En esa misma fecha, se constituyó una fundación creada por el Gobierno español, por una parte, representado por Jorge Semprún, entonces Ministro de Cultura, y por otra, el Barón Hans Heinrich Thyssen-Bornemisza. La Fundación Colección Thyssen-Bornemisza nacía como una fundación cultural privada de servicio y promoción, sin ánimo de lucro. Su fin fundacional quedó definido como el mantenimiento, conservación, pública exposición y promoción de las obras de arte integrantes de la Colección Thyssen-Bornemisza que estuviesen en posesión de la Fundación y del Museo que las albergara, así como su sostenimiento económico.

La Fundación comienza su andadura de inmediato. Se constituye un Patronato, formado por cinco miembros representantes del Gobierno Español y otros cinco por parte de los propietarios de la Colección; se nombra también un Director Gerente y un Conservador Jefe y, en la primera reunión del Patronato, se encomienda al arquitecto Rafael Moneo la rehabilitación del Palacio de Villahermosa.

Remodelación del Palacio de Villahermosa, traslado e instalación de las obras.

En los tres años siguientes, el equipo de la Fundación se dedica prioritariamente a la transformación del madrileño Palacio de Villahermosa para adaptarlo a sus nuevos usos, y a la elaboración del proyecto de distribución de los cuadros en las 48 salas que poseerá el museo. El 2 de marzo de 1990 se coloca la primera piedra y se da a conocer a los medios de comunicación el proyecto de Rafael Moneo. Las obras de remodelación se desarrollan a buen ritmo, a pesar de que suponen el diseño y la construcción de un espacio museístico prácticamente nuevo. A lo largo de 1991, se trabaja ya en los acabados, en las instalaciones de climatización, seguridad, iluminación y electricidad. El 13 de mayo de 1992, en una rueda de prensa que cuenta con la presencia de Su Alteza Real la Infanta doña Pilar de Borbón, el Ministro de Cultura, Jordi Solé Tura, los Barones Thyssen-Bornemisza y Rafael Moneo, se presenta a los medios de comunicación el palacio dispuesto ya para acoger las casi 800 obras que componen la parte de la Colección Thyssen-Bornemisza que vendrá a España. Durante el verano de 1992, y siguiendo un minucioso plan elaborado por los responsables de la Fundación en Madrid en colaboración con Villa Favorita, se lleva a cabo el traslado de las obras a España desde la antigua sede de la Colección en Lugano.

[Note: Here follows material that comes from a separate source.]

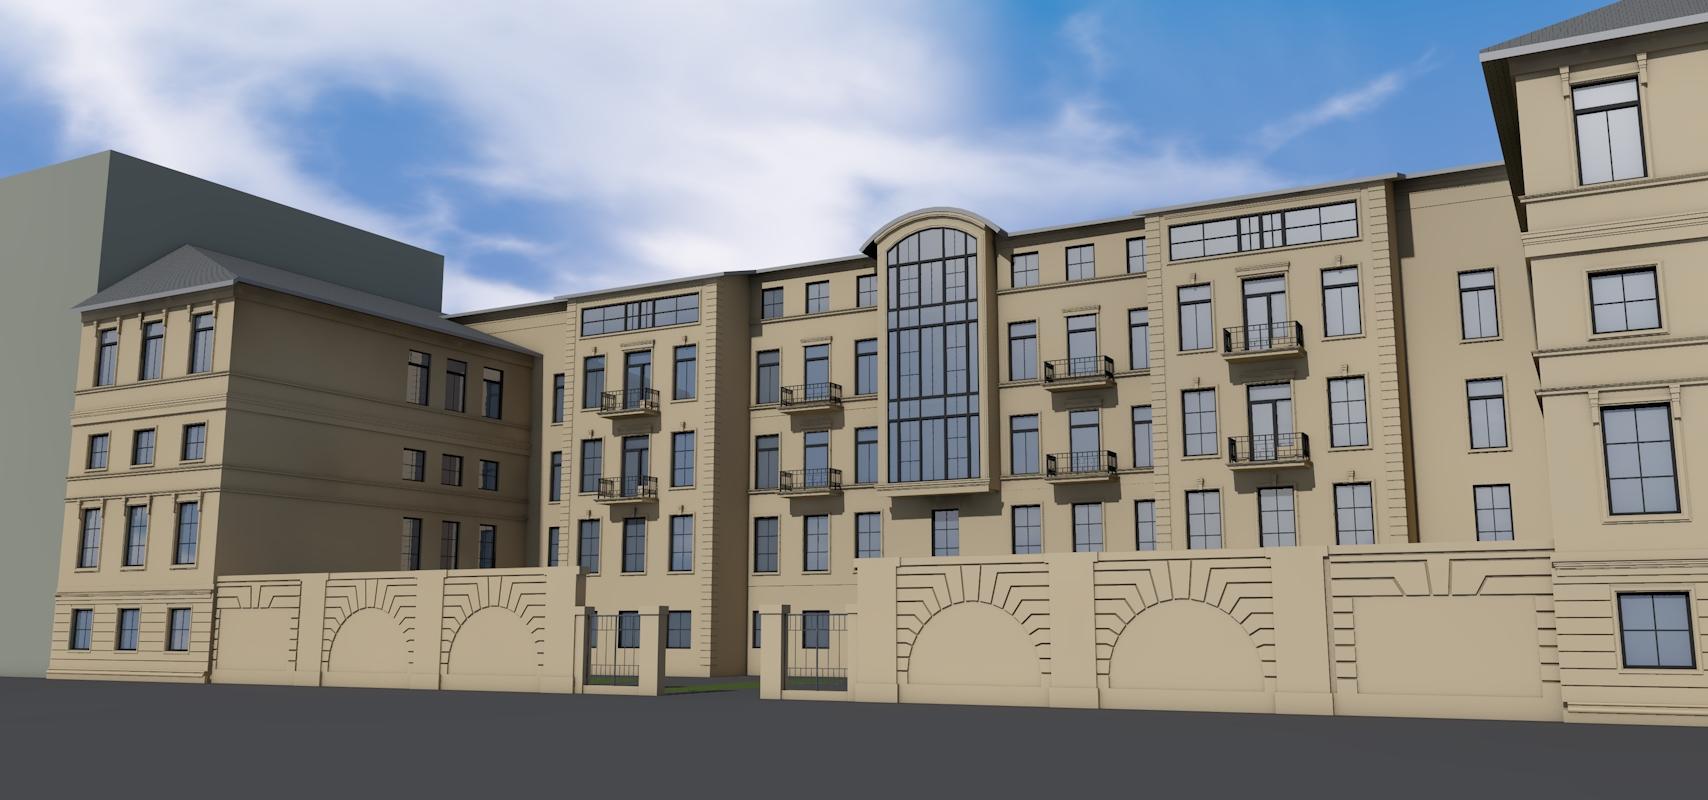 Концепция достройки фасада исторического здания фото f_8805c09245a1a035.jpg

En tan solo dos meses - junio y julio de 1992 -, se trasladaron más de novecientas piezas sin que se produjera ninguna modificación en el plan de transporte establecido. El traslado se realizó en avión y en camiones, utilizando el transporte terrestre exclusivamente para las obras de gran formato y para las piezas especialmente delicadas. Se confeccionaron cajas especiales para cada una de ellas siguiendo las últimas y más modernas técnicas internacionales sobre manipulación de obras de arte. El embalaje se realizó en Villa Favorita bajo la supervisión de restauradores y conservadores que redactaron los correspondientes informes con objeto de dejar constancia del estado de las obras antes del transporte. El plan de seguridad para proteger el traslado se diseñó asimismo hasta el último detalle. Los mismos especialistas que supervisaron el embalaje en Suiza recibieron y abrieron las cajas en el Palacio de Villahermosa, redactando nuevos informes para comprobar si las obras habían sufrido algún daño durante el transporte. No se apreciaron daños en ninguna de las obras trasladadas y, poco a poco, cada una de ellas fue ocupando el lugar que se le había destinado en las nuevas salas según el plan de instalación previamente diseñado.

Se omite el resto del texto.